-- Aim of the task --
Print the listing below exactly, minus its pictures.

-- Recorded data --
◆ ◆ ◆ ◆ ◆ ◆ ◆

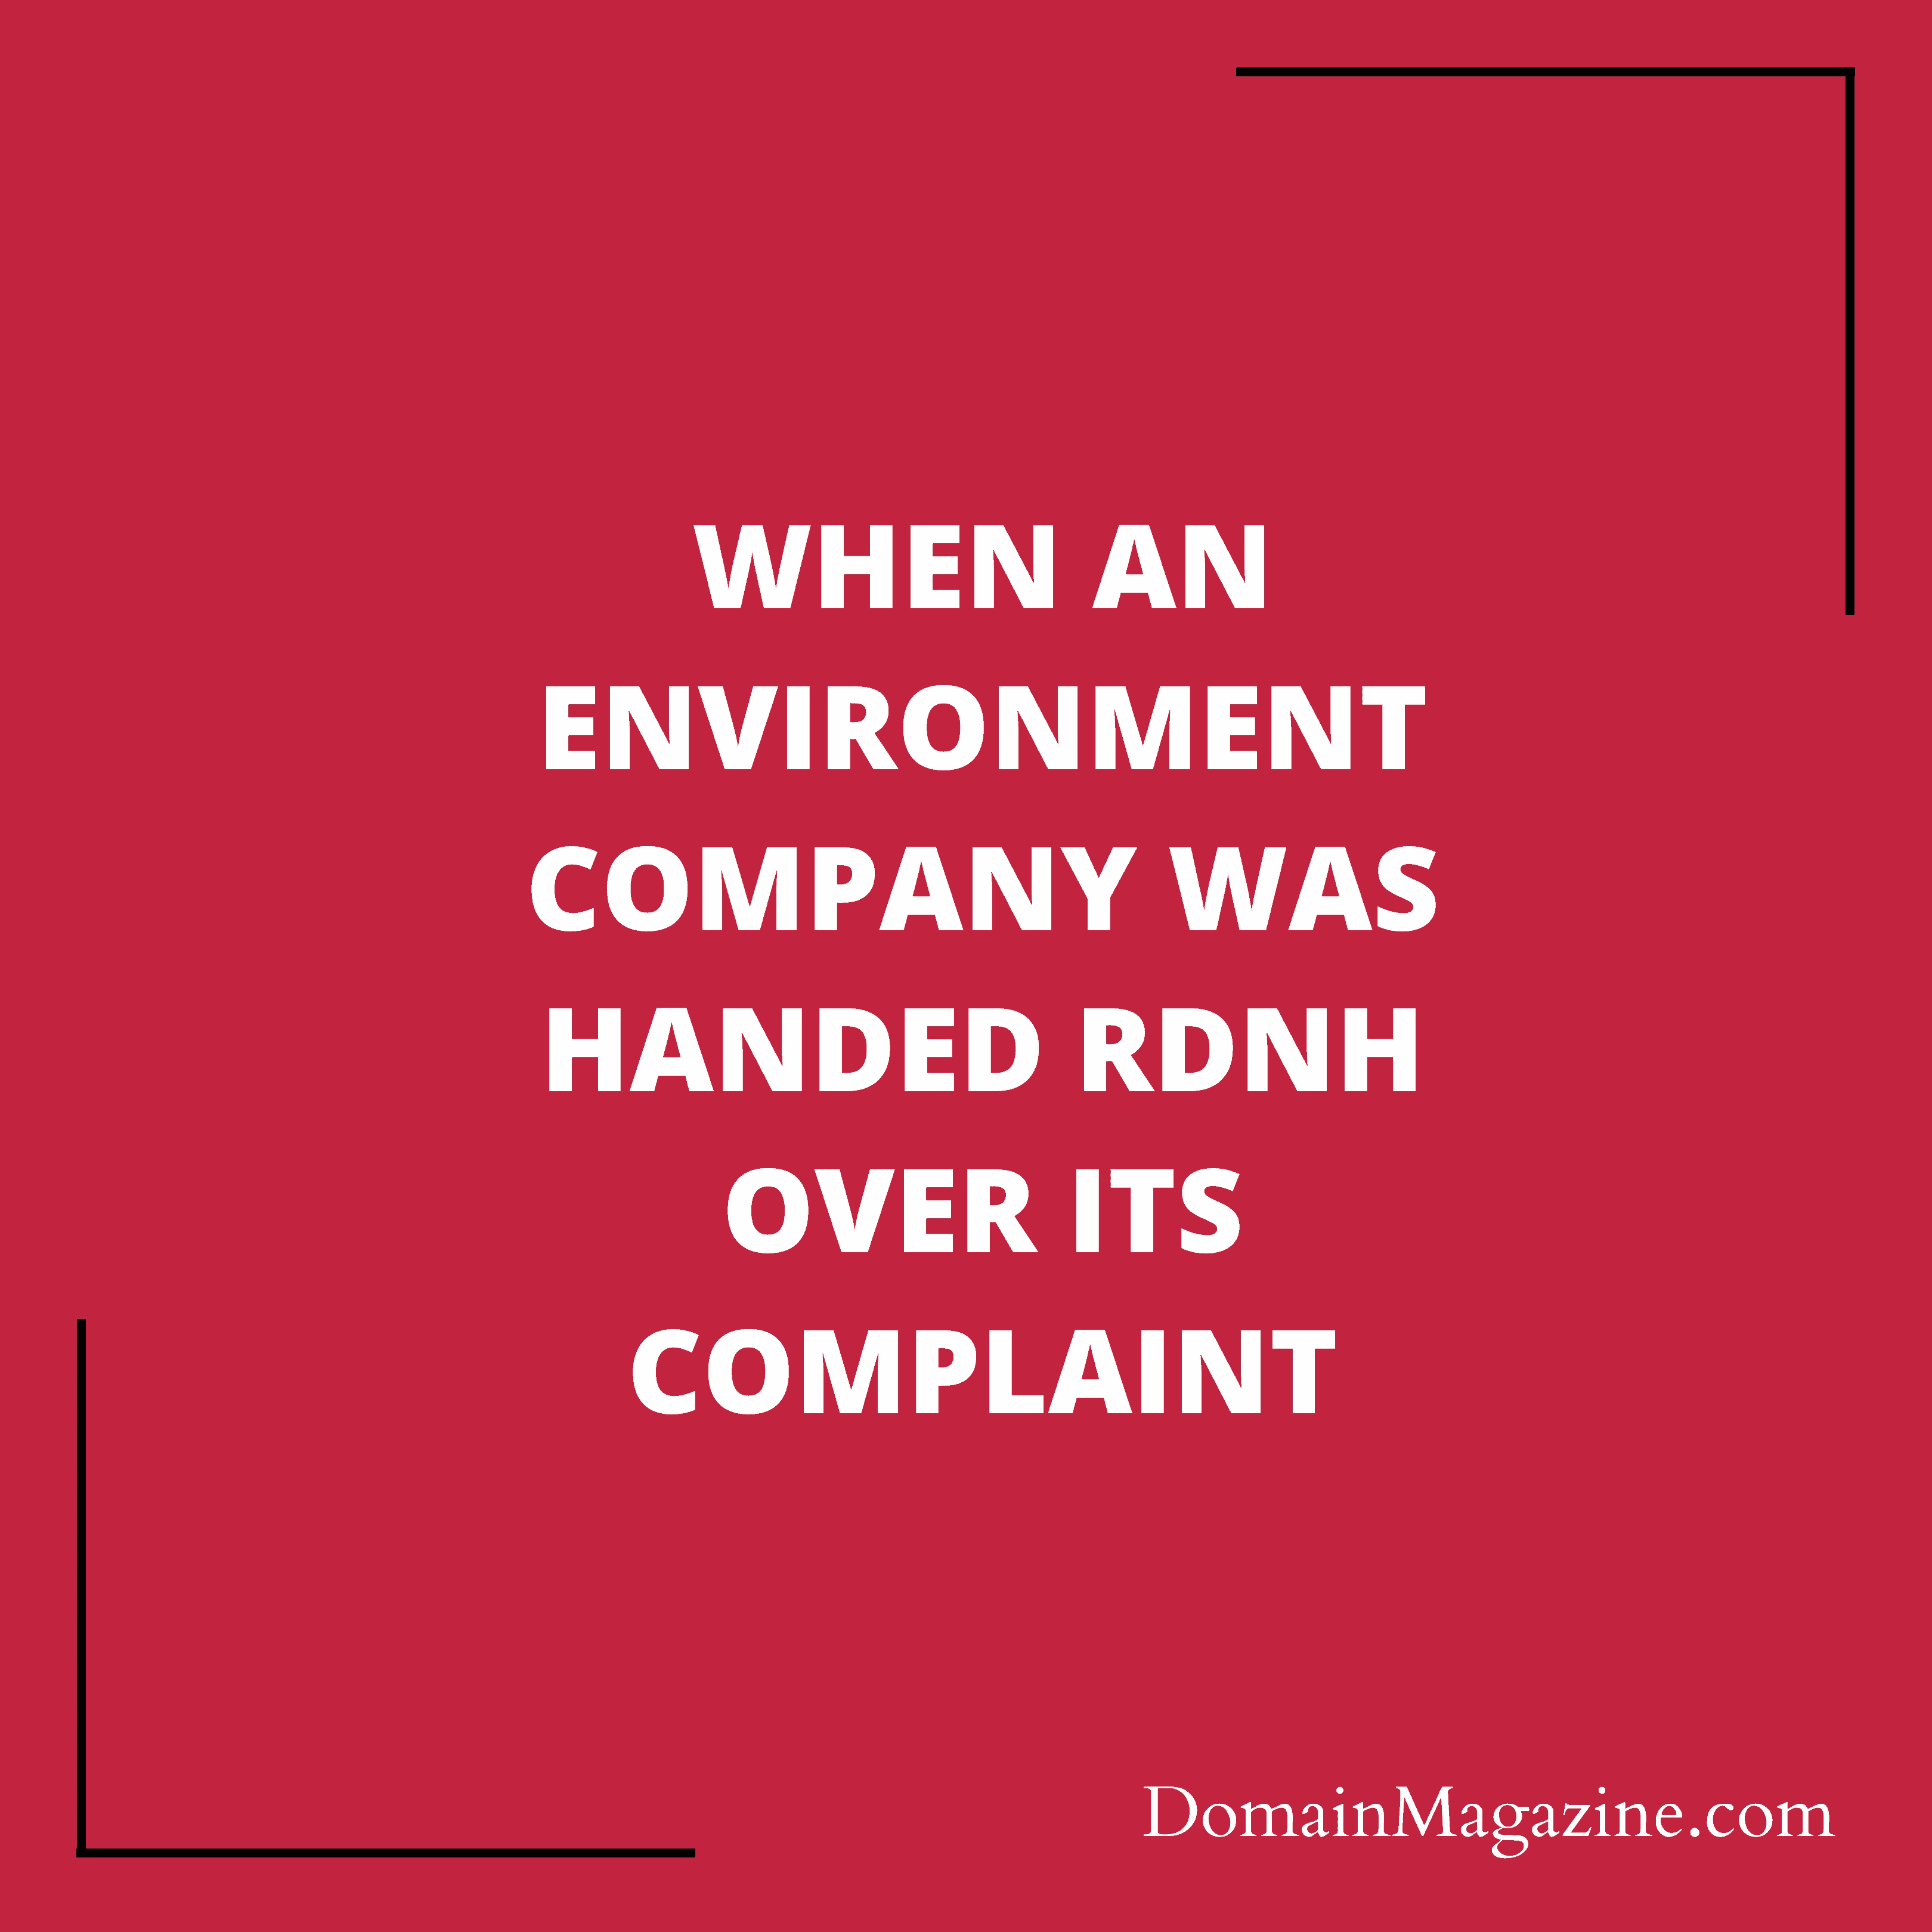 When an environment company was handed RDNH over its complaint
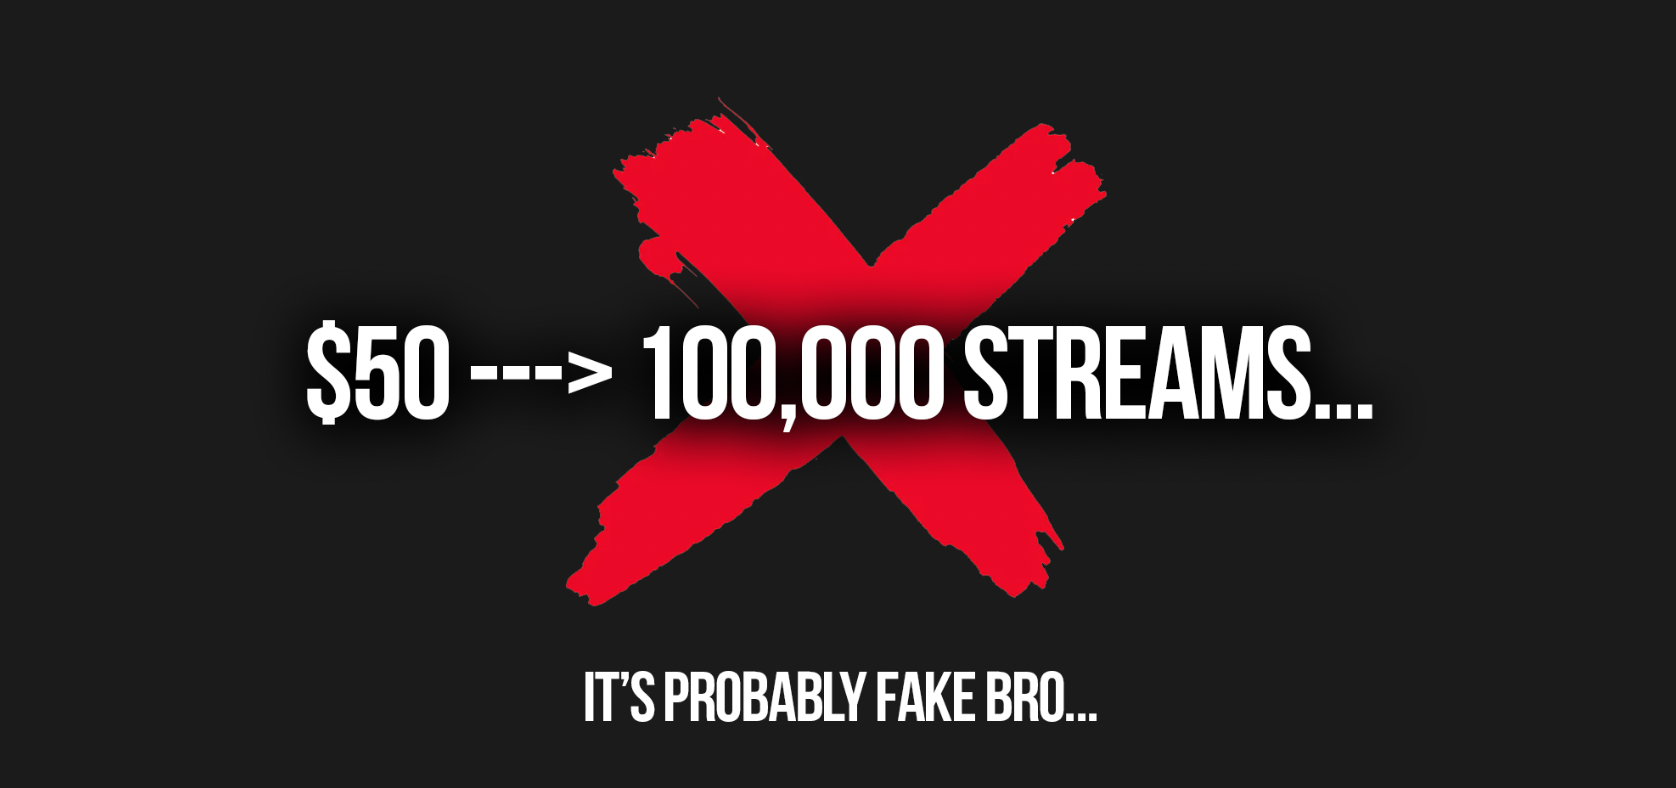 $50 for 100k streams is probably fake
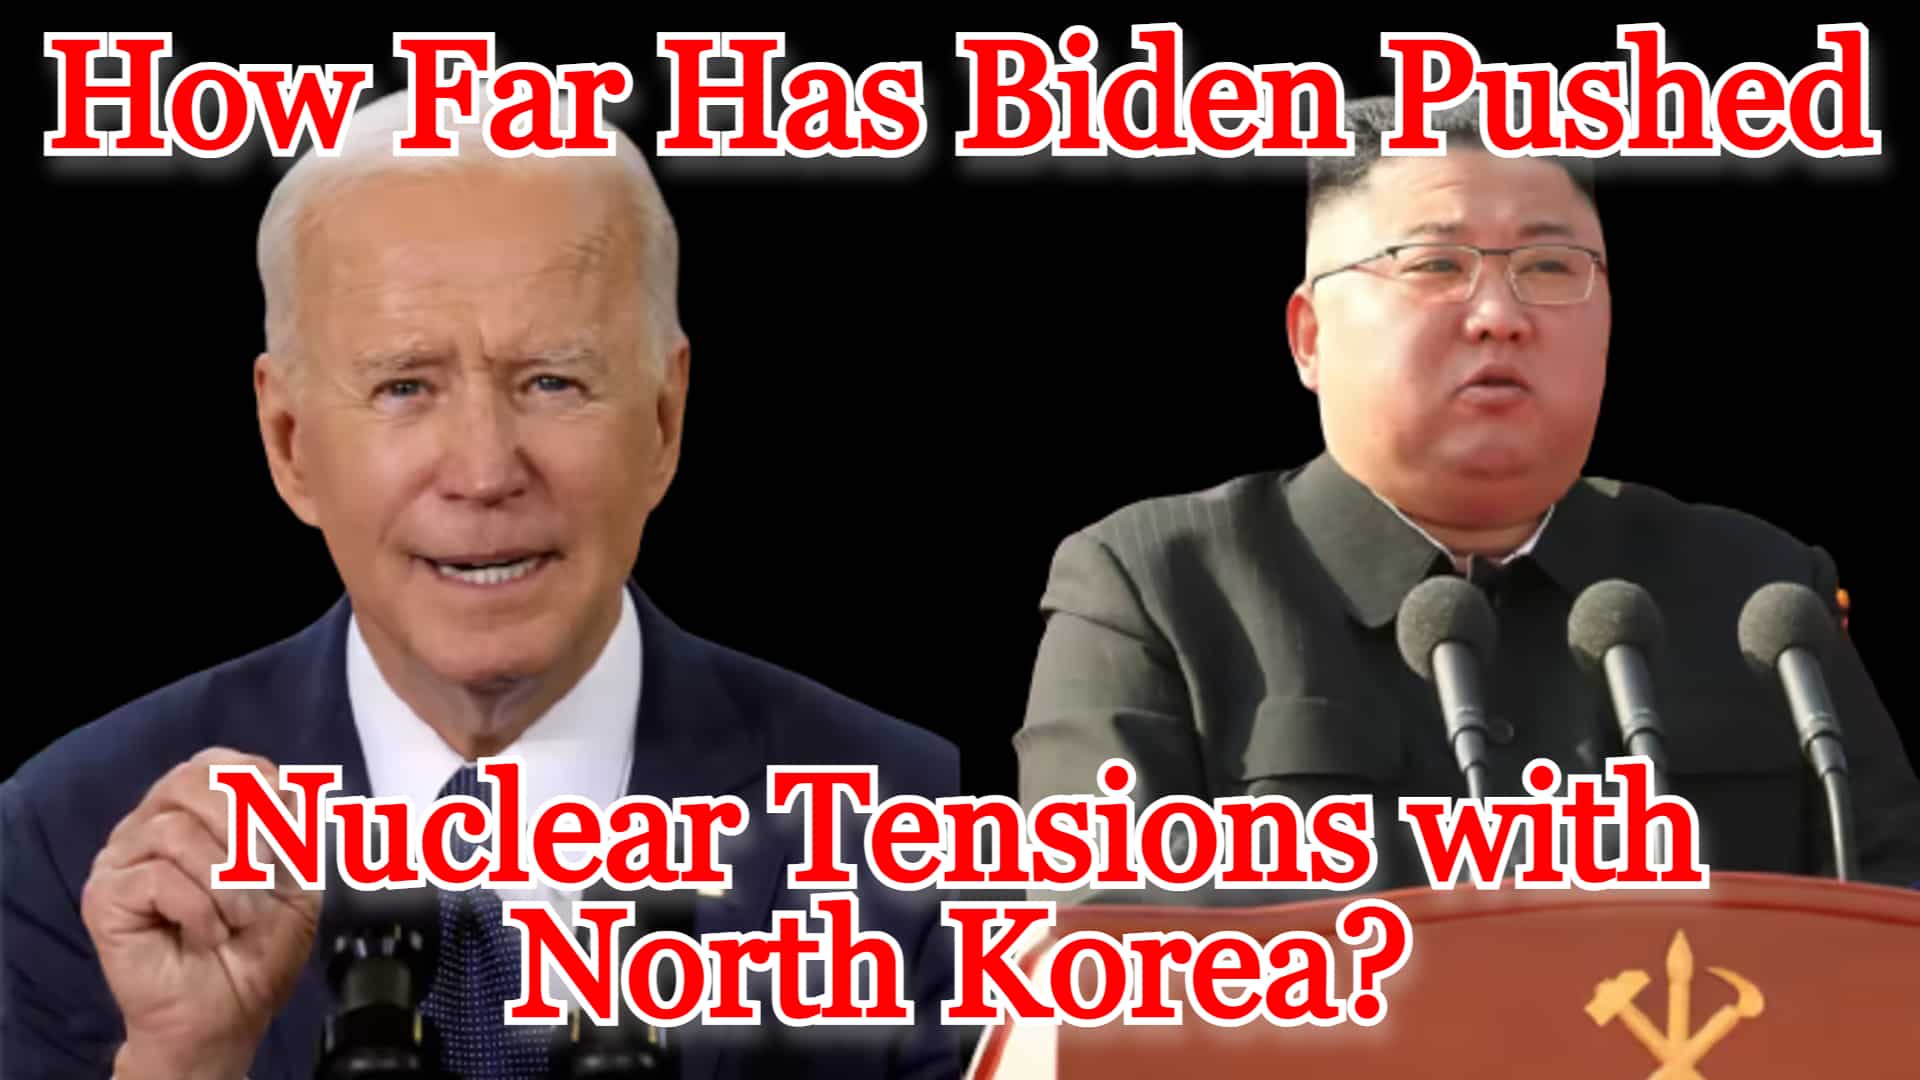 COI #478: How Far Has Biden Pushed Nuclear Tensions with North Korea?
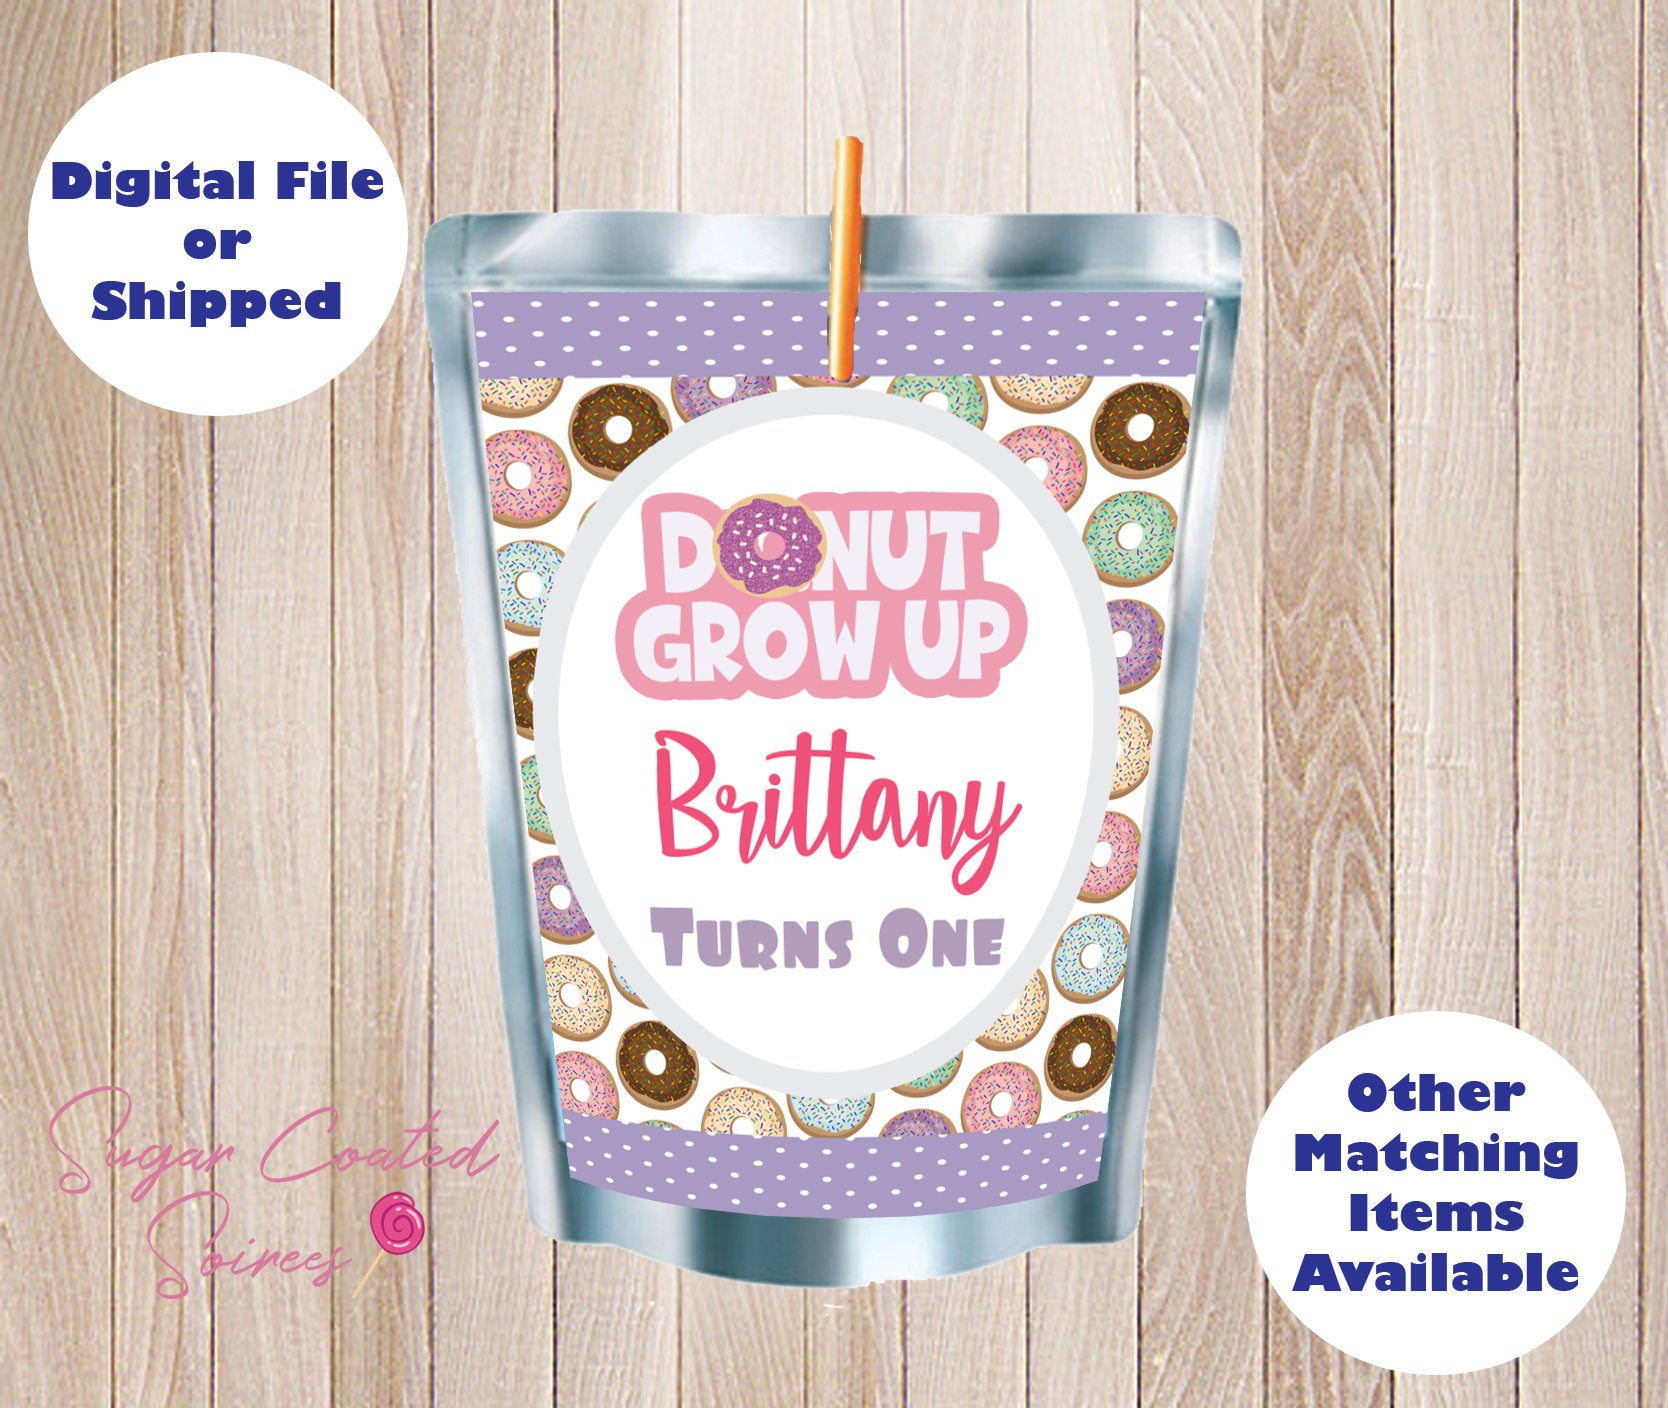 PRINTED and SHIPPED Donut Grow Up first birthday, Girls Party Personalized Capri Sun Juice Pouch Label, Birthday Party, Favor, DIY

◆ ◆ ◆ ◆ ◆ ◆ ◆

-- Result of the exercise --
 When an environment company was handed RDNH over its complaint
 $50 for 100k streams is probably fake
 COI #478: How Far Has Biden Pushed Nuclear Tensions with North Korea?
 PRINTED and SHIPPED Donut Grow Up first birthday, Girls Party Personalized Capri Sun Juice Pouch Label, Birthday Party, Favor, DIY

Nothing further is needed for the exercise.